AN ENHANCEMENT OF FINITE ELEMENT METHOD WITH MOVING KRIGING SHAPE FUNCTIONS

This paper presents an enhancement of the finite element method (FEM) by adopting the moving Kriging (MK) interpolation as a substitute for the traditional hat functions. The MK shape functions can be referred as element-free because their construction is not tied to the element geometry. Kriging interpolation is a geostatistical technique for spatial interpolation. The basic idea of Kriging is that any unknown point can be interpolated from known scatter points in a specific domain. Using the moving Kriging interpolation, shape functions can be generated over any finite set of nodes. This leads to an idea to extend the influence of a node beyond the layer of surrounding elements to enhance the global smoothness of the field variable and its derivatives. The present paper thus proposes a concept of layered domain of influence. Hence, characteristic arrays of an element, such as the element stiffness, have contributions from all visible nodes that include a set of satellite nodes unattached to the element. The validation of the method was confirmed through numerical tests of one and two-dimensional problems. The results show remarkable accuracy and global smoothness. Existing general-purposed FE programs can be easily modified to accommodate this new element concept; thus, the method has a higher chance to be accepted in practice.
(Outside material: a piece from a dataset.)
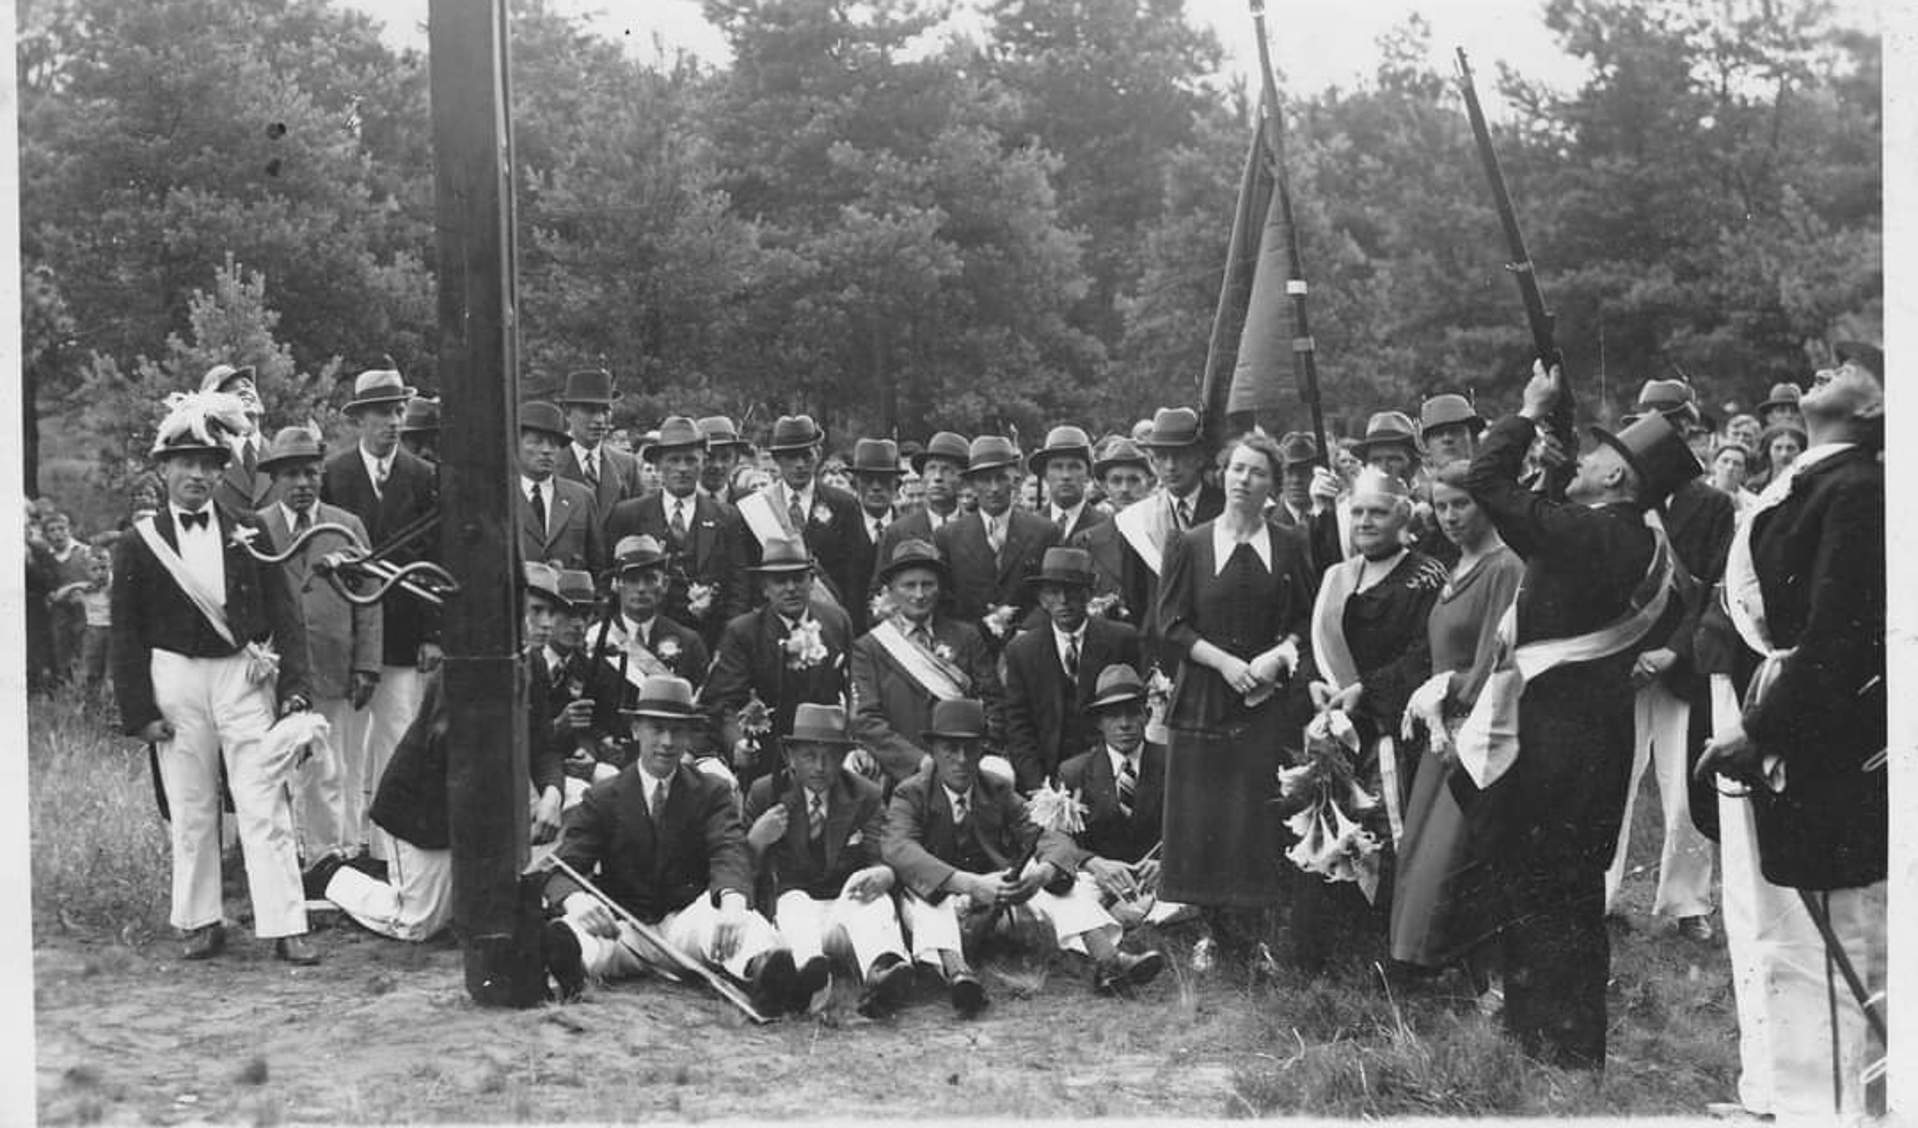 Historische foto van schuttersvereniging St. Märten uit 1936.

MATHEMATICAL MODELLING OF CABLE-STAYED BRIDGES

Modern cable-stayed bridge construction involves the assembly of an almost unlimited variety of deck, pylon and cable elements together, in a multitude of different ways. For their static and dynamic analyses, the application of accurate and efficient mathematical models are essential. This paper presents various methods for modelling components of cable-stayed bridges, i.e., the cables, deck, pylon and joints, as well as the assembly of these components into a complete bridge model for general computer analysis. The use of appropriate finite elements for detailed analysis of deck units is also presented.

Nonlinear modelling of cable-stayed bridges

This paper presents an application of a powerful thin-walled element and a special cable element for three-dimensional modelling of steel cable-stayed bridges. Both linear and nonlinear effects are considered, as geometric nonlinearity may arise from the finite displacement of the bridge deck as well as the cables. As cable-stayed bridge decks are normally built-up thin-walled cross-sections, the effects of flexural-torsion coupling as well as warping restraint are included. Finally, several examples of cable-stayed bridges serve to demonstrate the effectiveness of this most comprehensive model.

ON THE CONVERGENCE OF THE KRIGING-BASED FINITE ELEMENT METHOD

An enhancement of the FEM using Kriging interpolation (K-FEM) was recently proposed. This method offers advantages over the conventional FEM and mesh-free methods. With Kriging interpolation, the approximated field over an element is influenced not only by its own element nodes but also by a set of satellite nodes outside the element. This results in incompatibility along interelement boundaries. Consequently, the convergence of the solutions is questionable. In this paper, the convergence is investigated through several numerical tests. It is found that the solutions of the K-FEM with an appropriate range of parameters converge to the corresponding exact solutions.

Element-based lagrangian formulation for large-deformation analysis

Abstract This paper introduces a new variation of the Lagrangian formulation for large-deformation analysis of continua and structures. For each individual element in the deformed mesh, the standard parental element will be used as its reference configuration. With a new definition of “natural-coordinate-based” stress, strain and constitutive tensors associated with the simple domain of the parental element, the expressions for element characteristics appear in a simpler form than that of the conventional Lagrangian approach. This alternative form of formulation will be referred to as the Element-Based Lagrangian Formulation (ELF). It not only serves as an elegant alternative to the traditional approach, but also offers certain implementational advantages.